The most recent draft of the post-2020 Global Biodiversity Framework (post-2020 GBF) of the CBD links climate change and biodiversity most explicitly in its Target 8, which includes a climate mitigation target: “contributing at least 10 GtCO2e per year to global mitigation efforts.” It can be argued that such a numerical target, focused on mitigation, belongs under the UNFCCC, not the CBD.

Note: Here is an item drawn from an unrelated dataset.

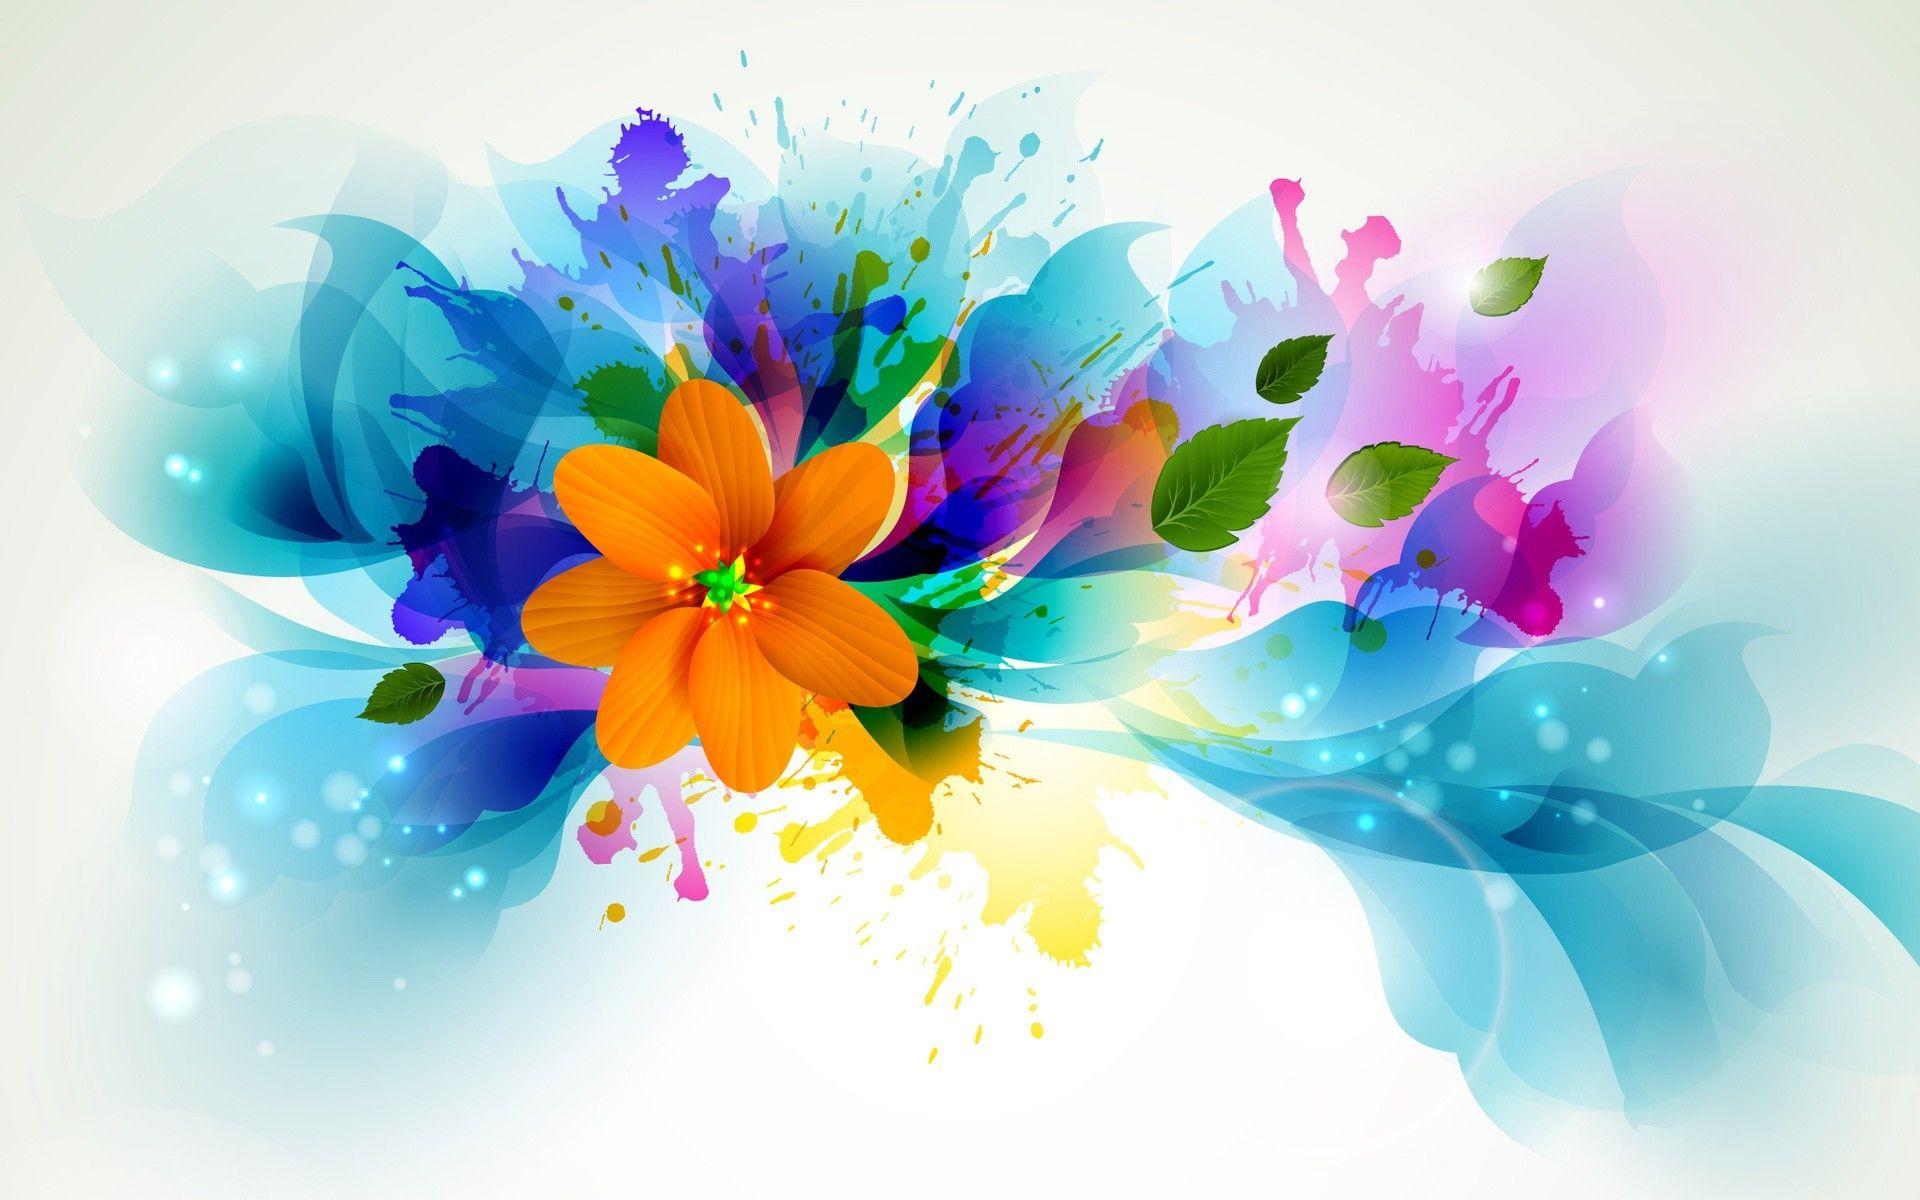 flowers, Artwork, Leaves, Paint Splatter Wallpapers HD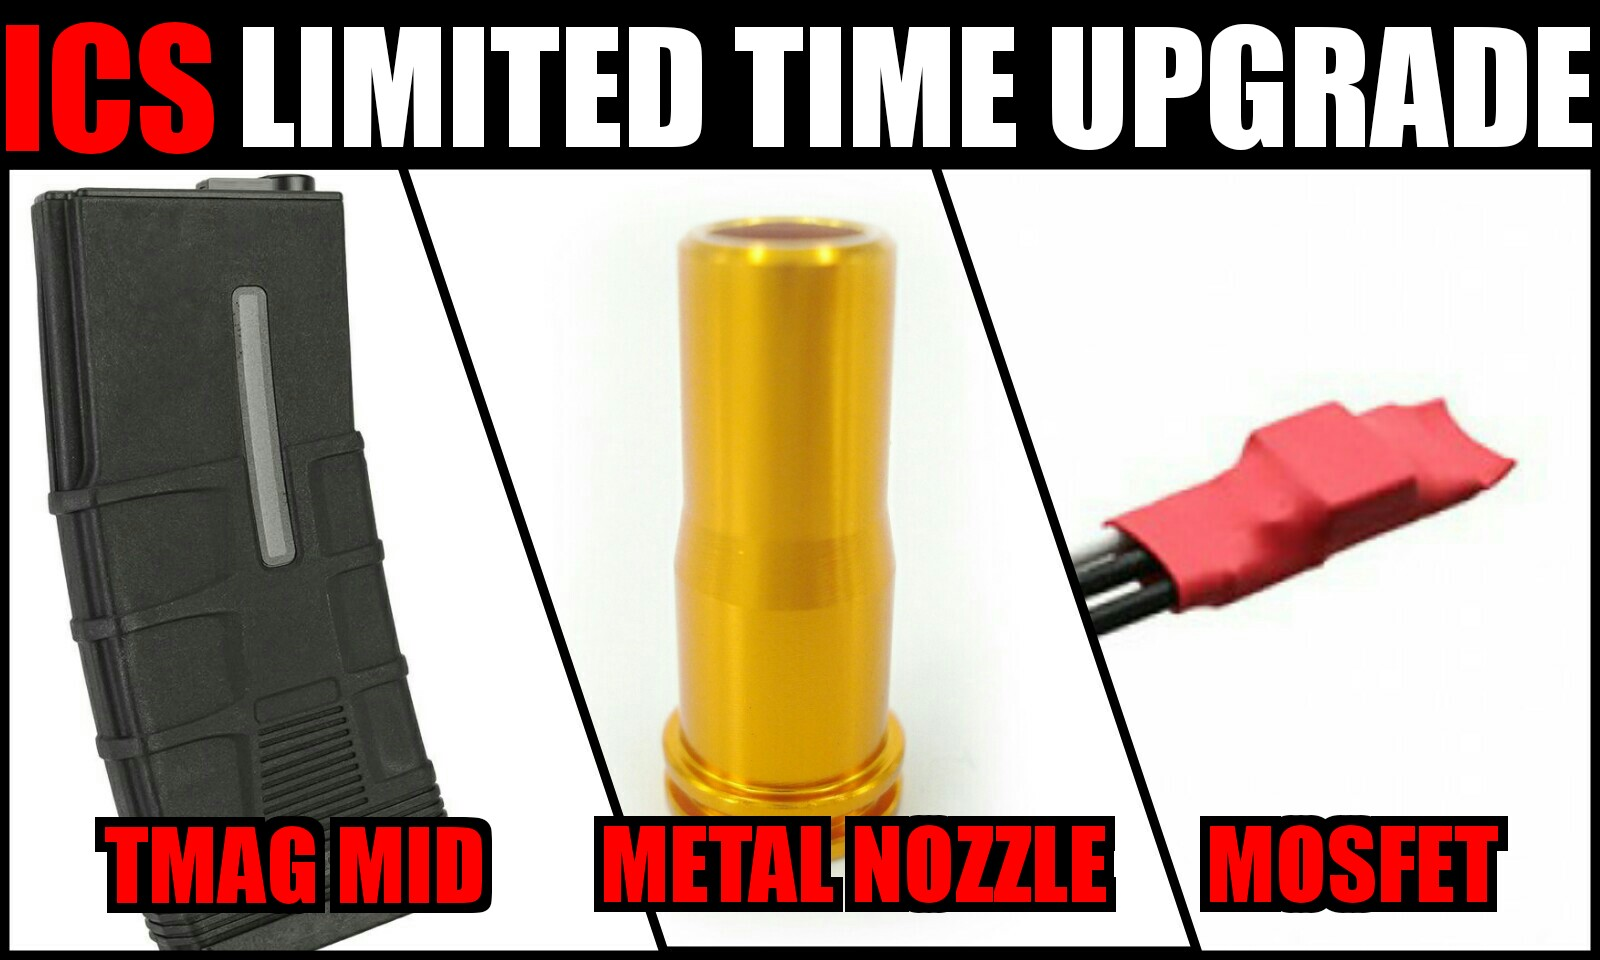 ics-limited-time-upgrade.jpg

We are pleased to share with you a new TWN Briefing Paper, “From Glasgow to Kunming: Climate and biodiversity together at last?” that considers several outcomes of the recent UNFCCC COP26 that might have a bearing on the negotiations on the post-2020 GBF and that might provide insight into why some Parties to the CBD are eager to include a climate mitigation target in the post-2020 GBF. It explores connections between the outcomes on carbon markets (Article 6 of the Paris Agreement), biodiversity, and nature-based removals. This leads clearly to considerations of finance and resource mobilization: the quantity “10 Gt CO2e” signifies not merely the amount of carbon dioxide emissions that might be avoided or carbon that might be removed from the atmosphere, but implicitly hints at the value of that 10 Gt in a global carbon market and in non-market resource-mobilization strategies. Finally, contentions around use of the term “nature-based solutions” at the UNFCCC are briefly summarized.

The paper concludes that, rather than including NbS and a climate mitigation target, Target 8 of the GBF should rather focus on what action is needed to protect biodiversity. This would require three elements: 1) a reduction of the threats to biodiversity from climate change; 2) a reduction of the threats from actions that may be taken to address climate change; and 3) prioritization of actions that might be taken to mitigate and adapt to climate change that would enhance biodiversity at the same time.